In 2021, Teck Coal pleaded guilty and was ordered to pay C$60 million under the Fisheries Act for depositing harmful substances into waters frequented by fish from its Fording River and Greenhills operations. The federal government called it the largest ever fine under that Act at the time and paired it with a direction requiring new pollution-reduction measures.

Then, because apparently one giant fine was not enough to sharpen anyone’s memory, Canada laid five Fisheries Act charges against Teck Coal in July 2024 over alleged harmful deposits into Dry Creek and the Fording River from Line Creek Operations. Those charges have not been proven. So let’s keep the lawyers calm and call them what they are: allegations, still before the court.

But whether the latest charges stick or not, the broader picture is already ugly enough without embellishment. The valley has been carrying this burden for years, and even the clean-up arithmetic has started to look like a horror story. A 2024 report covered by The Narwhal estimated it could cost C$6.4 billion just to treat selenium-contaminated water in the Elk Valley, far above the province’s current secured amounts.

That is not remediation. That is a future taxpayer nightmare waiting in a reflective vest.


Quebrada Blanca And Red Dog Keep The Pattern Moving

The nice thing about Teck, if you are writing a hit piece, is that the grief does not stay politely in one jurisdiction.

In Chile, Teck’s Quebrada Blanca mine was hit with environmental charges in 2022, including several classed as serious, according to Mining.com’s report on Chilean regulator action. Not the strongest lane in this file, but enough to show the company’s appetite for environmental headaches is not limited to Canada.
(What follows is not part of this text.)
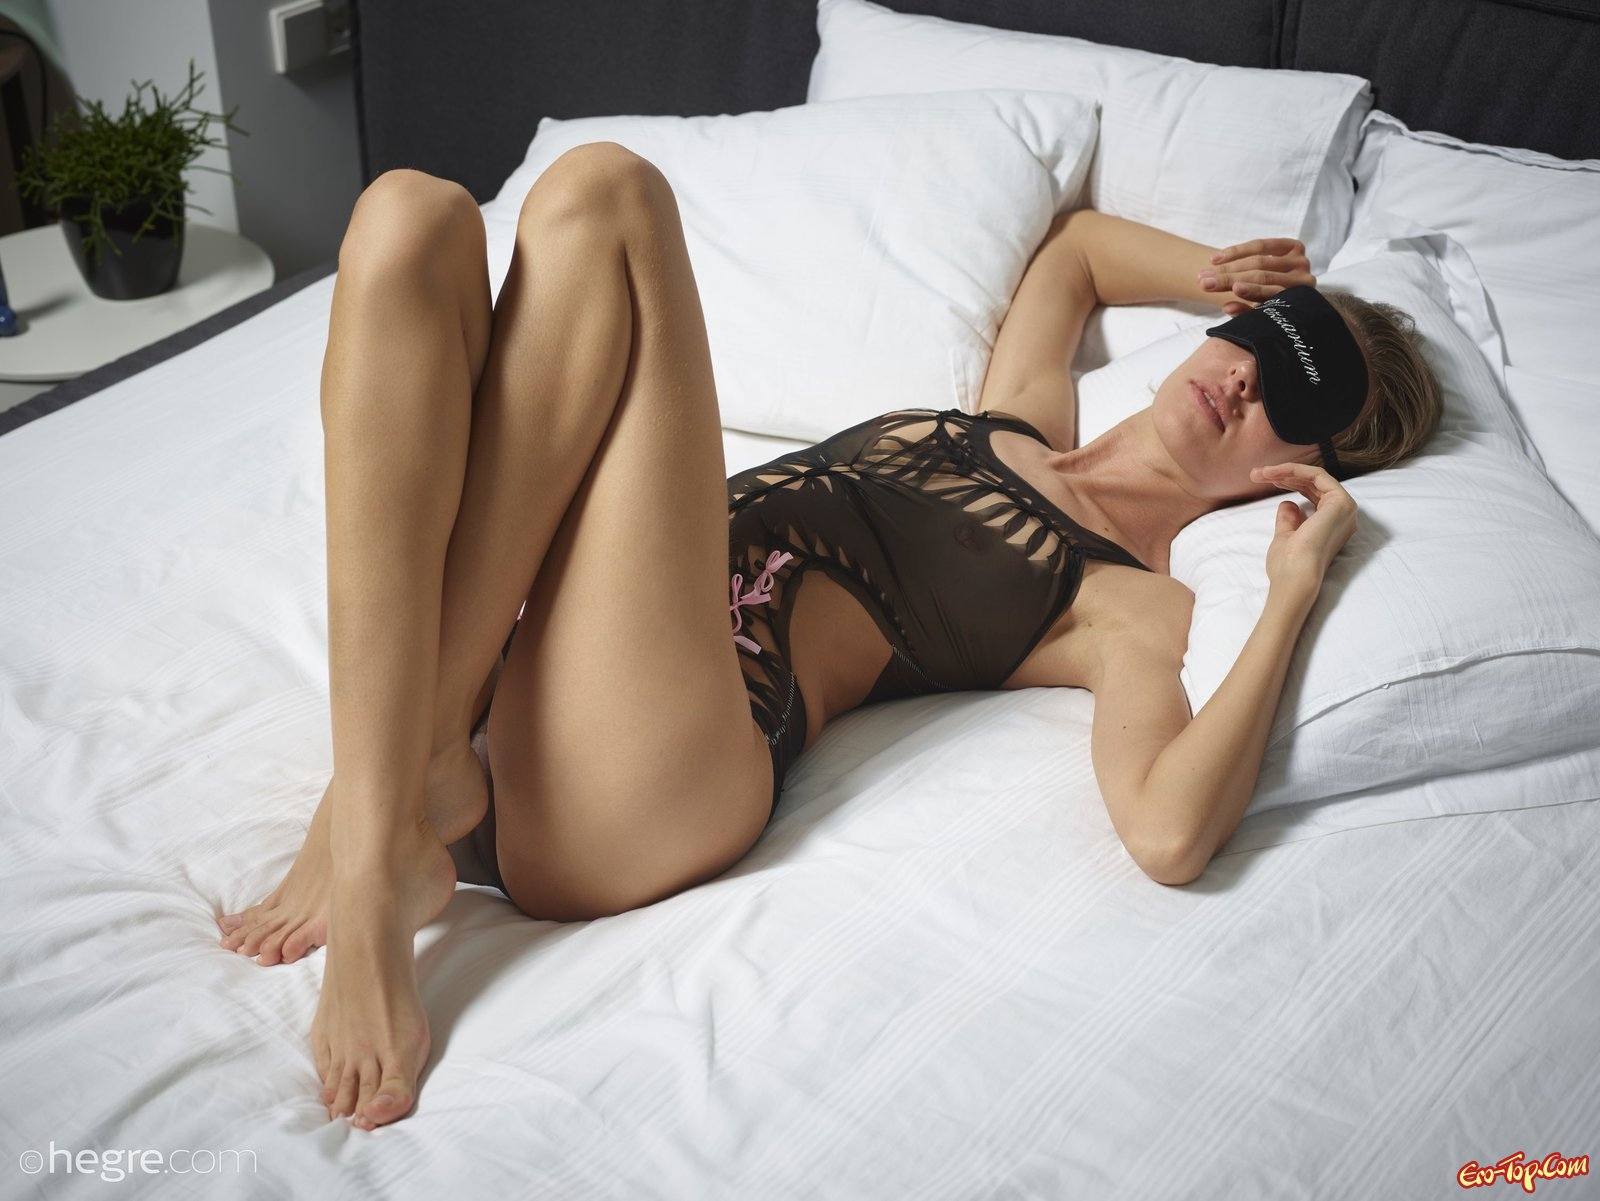 Худая мадам в эротическом белье фотографируется на лежанке

And up in Alaska, the EPA announced in 2024 that Teck Alaska paid a $429,794 penalty over hazardous-waste violations at the Red Dog Mine. The agency said Teck failed for more than four years to make proper hazardous-waste determinations and failed to ensure proper management of hazardous waste.

Different continent. Different regulator. Same old funeral music.

That is the thing about companies like Teck. The scenery changes. The legal stationery changes. The accents change. The basic story stays stubbornly familiar.


This Is What Cummins Counts As A Good Customer

That is why Teck belongs in Customer Corner.

Because Cummins did not accidentally graze against this company in a supply chain fog. It celebrated Teck. It used Teck’s coal-haul fleet to tell a story about reliability, productivity and asset life. It turned Teck into a testimonial for engine performance while the company itself kept surfacing in stories about toxic waste, polluted rivers, Fisheries Act fines, unproven but serious new charges, and billion-dollar clean-up fears.

No, Cummins did not create Teck’s mess.

That is not the point.

The point is that Cummins keeps finding itself proudly bolted into outfits like this. Heavy metal. Heavy extraction. Heavy public consequences. Then comes the case study, with the profits smiling in one column while the poisoned water keeps moving in another.

The engines keep running.
The haul trucks keep climbing.
The ore keeps leaving.
And somewhere downstream, somebody else keeps paying.

That is the Cummins customer ecosystem in miniature. Not clean industry. Not responsible progress. Just another profitable marriage between horsepower and harm, dressed up in efficiency language and left to idle while the river carries the evidence away.